▶ DATA EXCERPT:
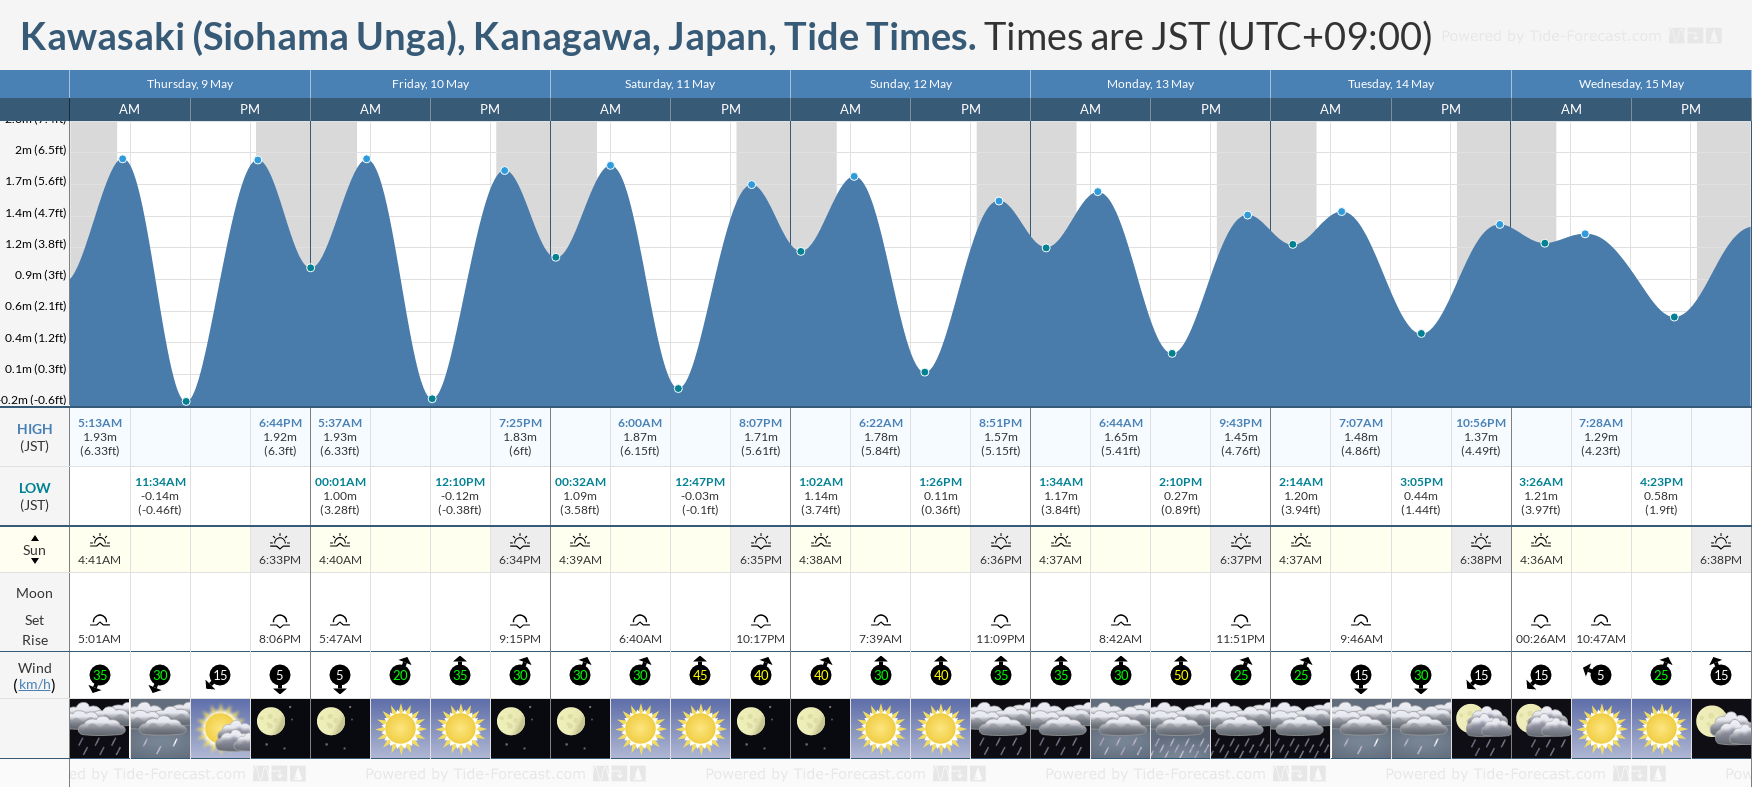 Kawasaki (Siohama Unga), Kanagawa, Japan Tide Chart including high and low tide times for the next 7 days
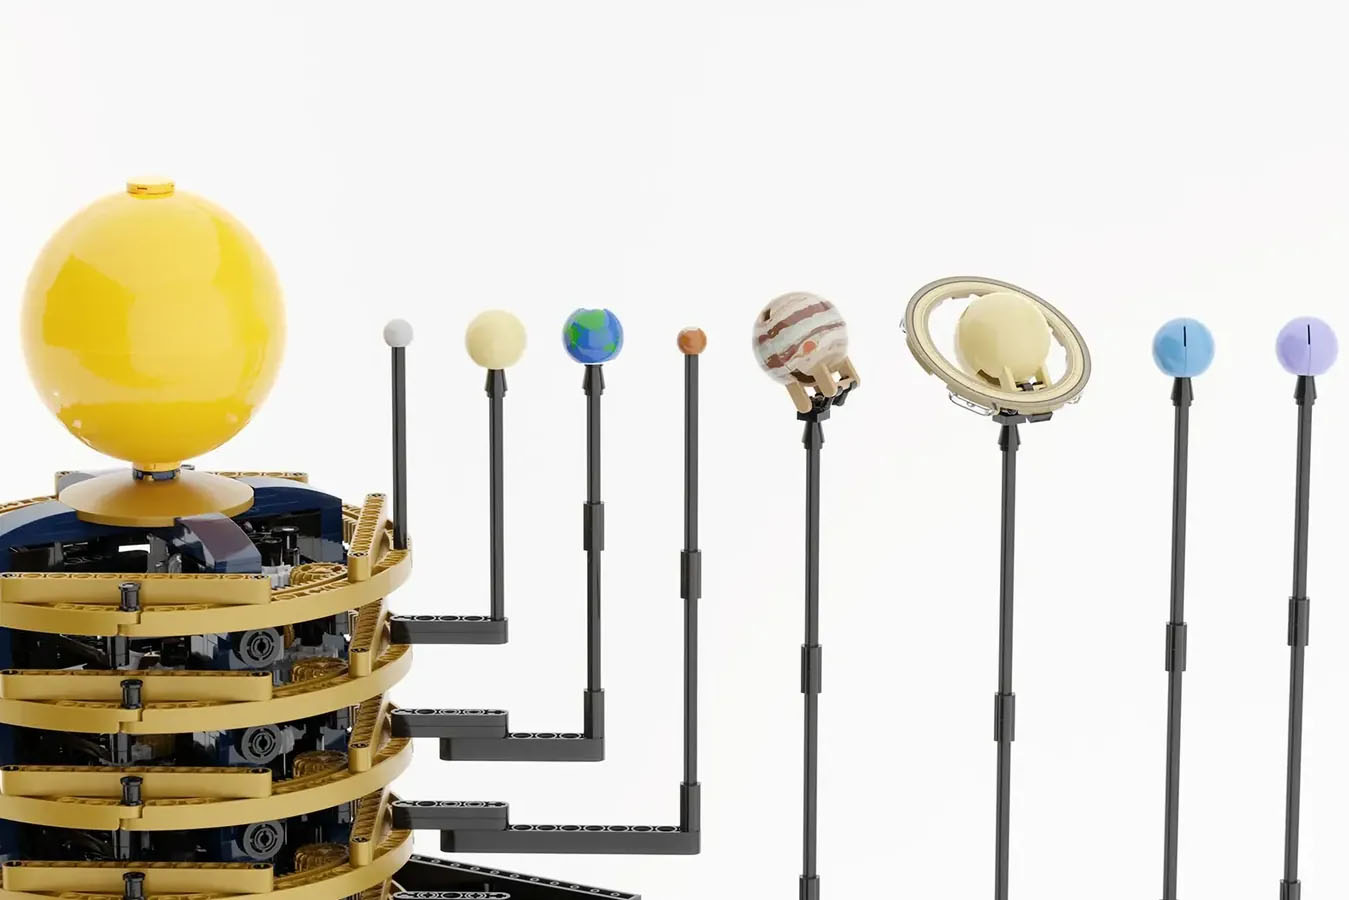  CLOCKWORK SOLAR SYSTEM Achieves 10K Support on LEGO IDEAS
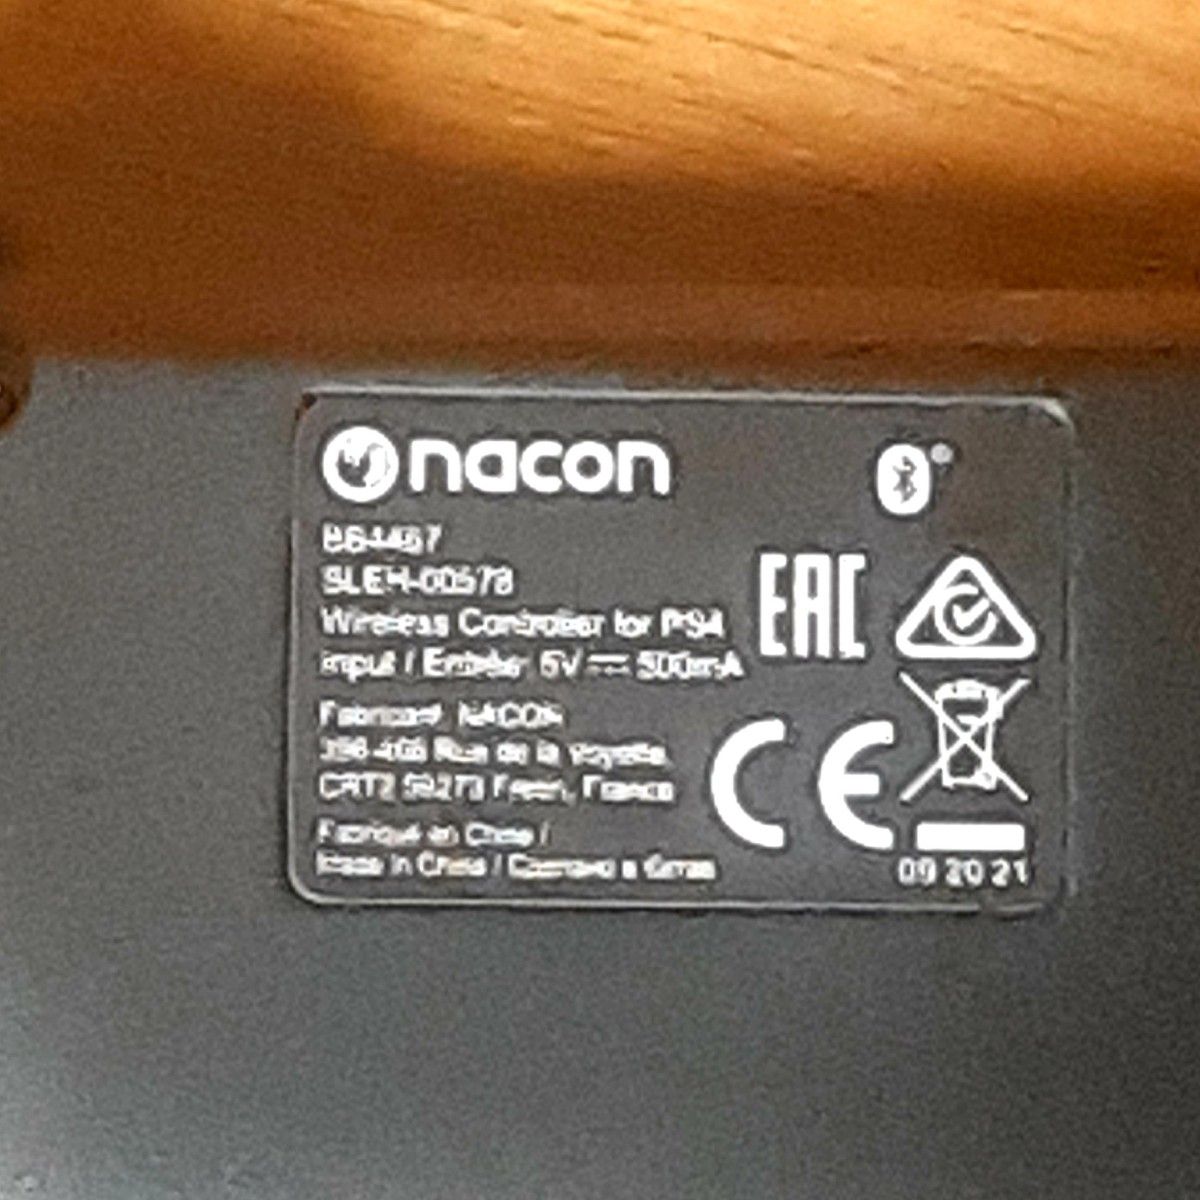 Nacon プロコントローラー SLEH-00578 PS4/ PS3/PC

▶ YOUR TASK: Drop the pictures; repeat the listing above exactly.

▶ RESPONSE AREA:
 Kawasaki (Siohama Unga), Kanagawa, Japan Tide Chart including high and low tide times for the next 7 days
  CLOCKWORK SOLAR SYSTEM Achieves 10K Support on LEGO IDEAS
 Nacon プロコントローラー SLEH-00578 PS4/ PS3/PC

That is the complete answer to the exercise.